▶ INFORMATION PROVIDED

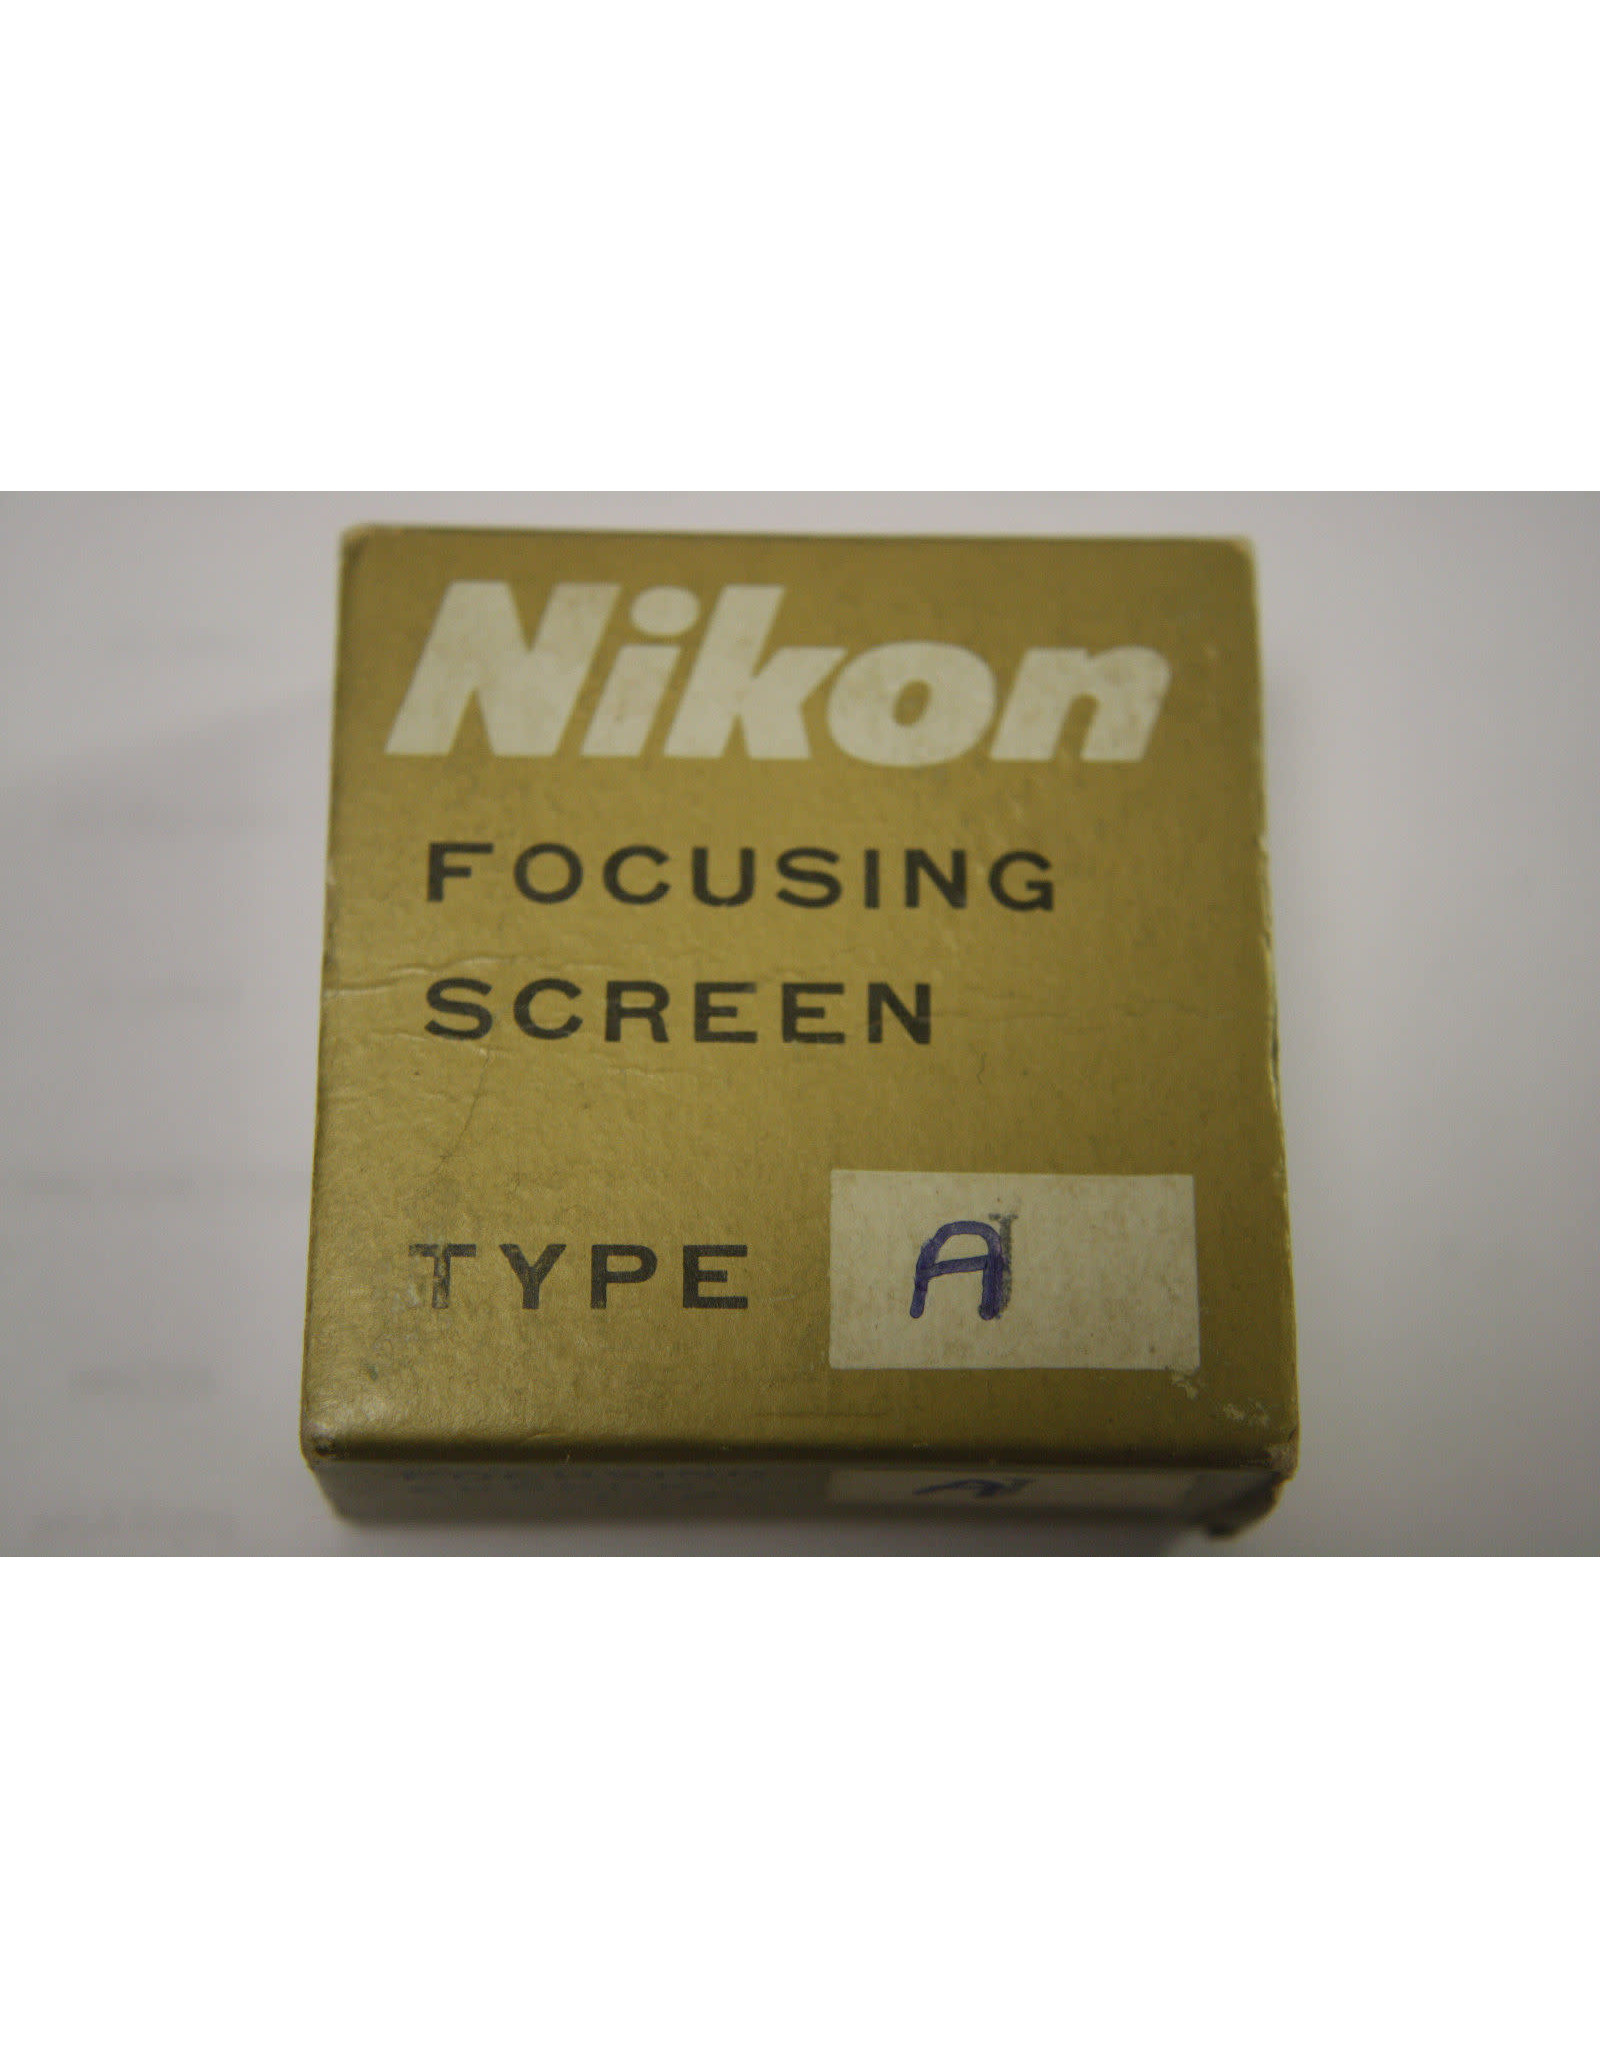 Nikon F Focusing Screen Type "A"
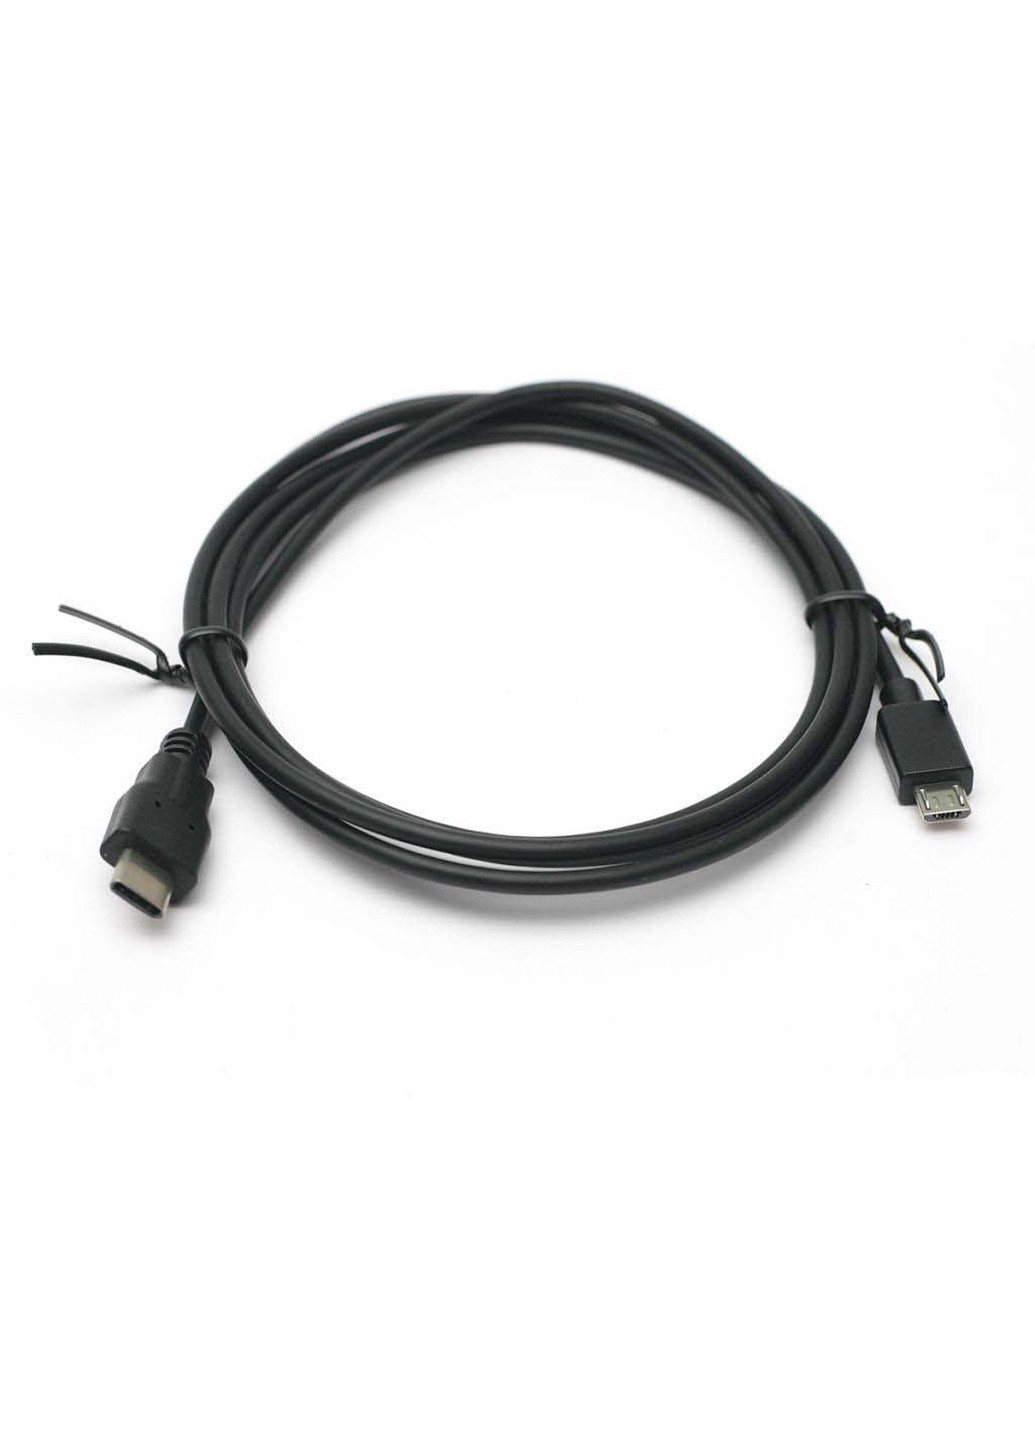 Дата кабель USB 3.0 Type C - micro USB 1.5м (KD00AS1258) PowerPlant usb 3.0 type c – micro usb 1.5м (239382797)
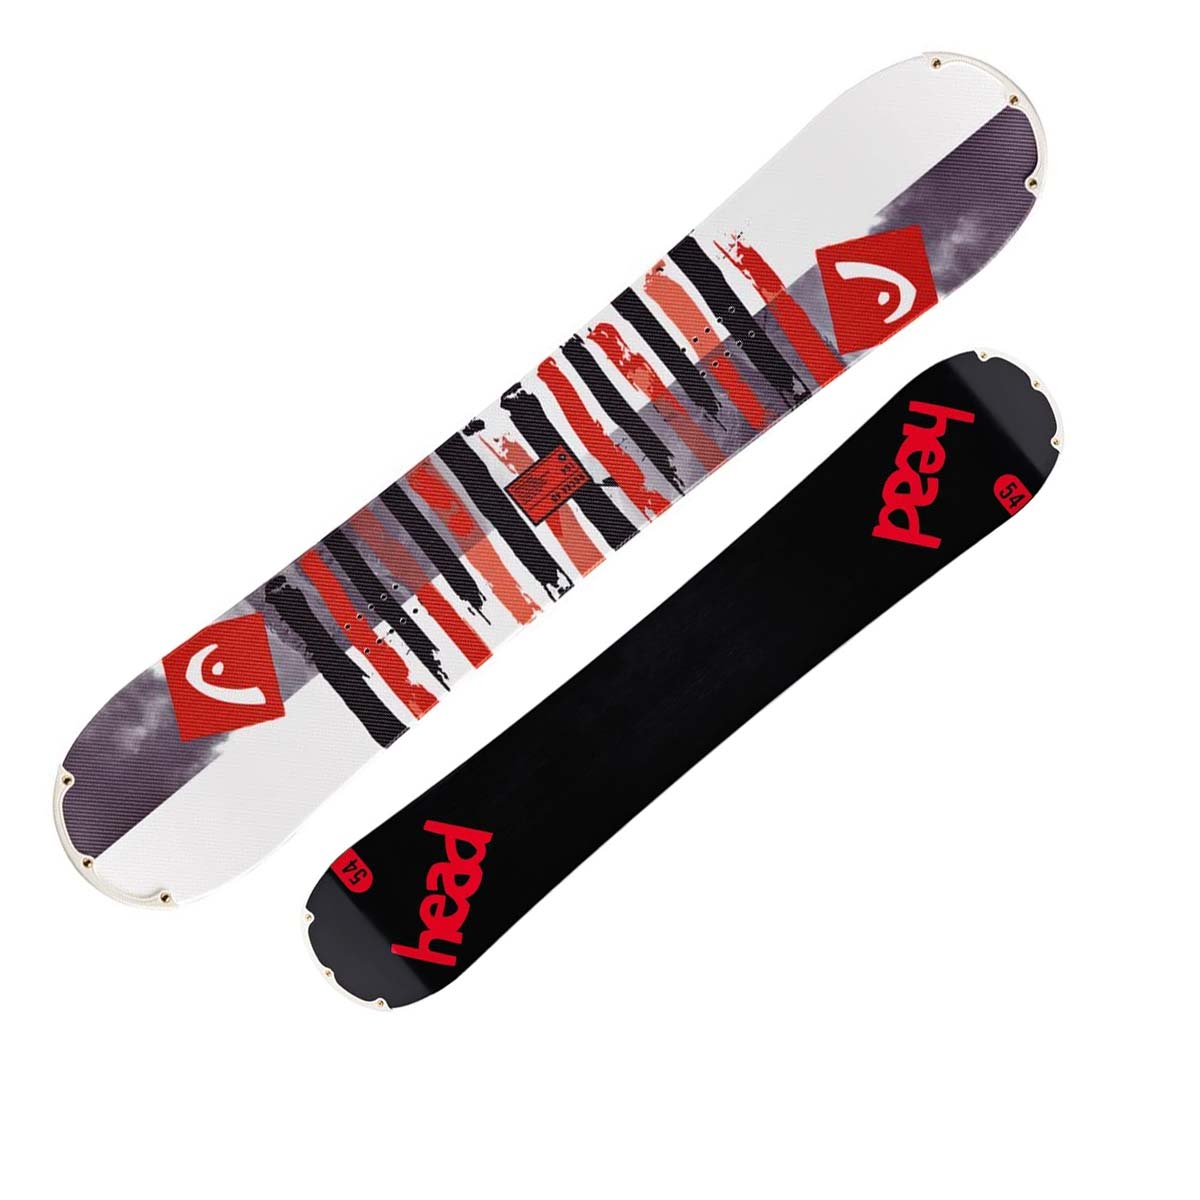  Tavola Snowboard Head Rocka 4d + Speed Disc (Colore: nero rosso, Taglia: 154)

▶ TASK INSTRUCTIONS
Give the listing again in full, exactly as it is, but without its images.

▶ OUTPUT OF THE TASK
 Nikon F Focusing Screen Type "A"
 Дата кабель USB 3.0 Type C - micro USB 1.5м (KD00AS1258) PowerPlant usb 3.0 type c – micro usb 1.5м (239382797)
  Tavola Snowboard Head Rocka 4d + Speed Disc (Colore: nero rosso, Taglia: 154)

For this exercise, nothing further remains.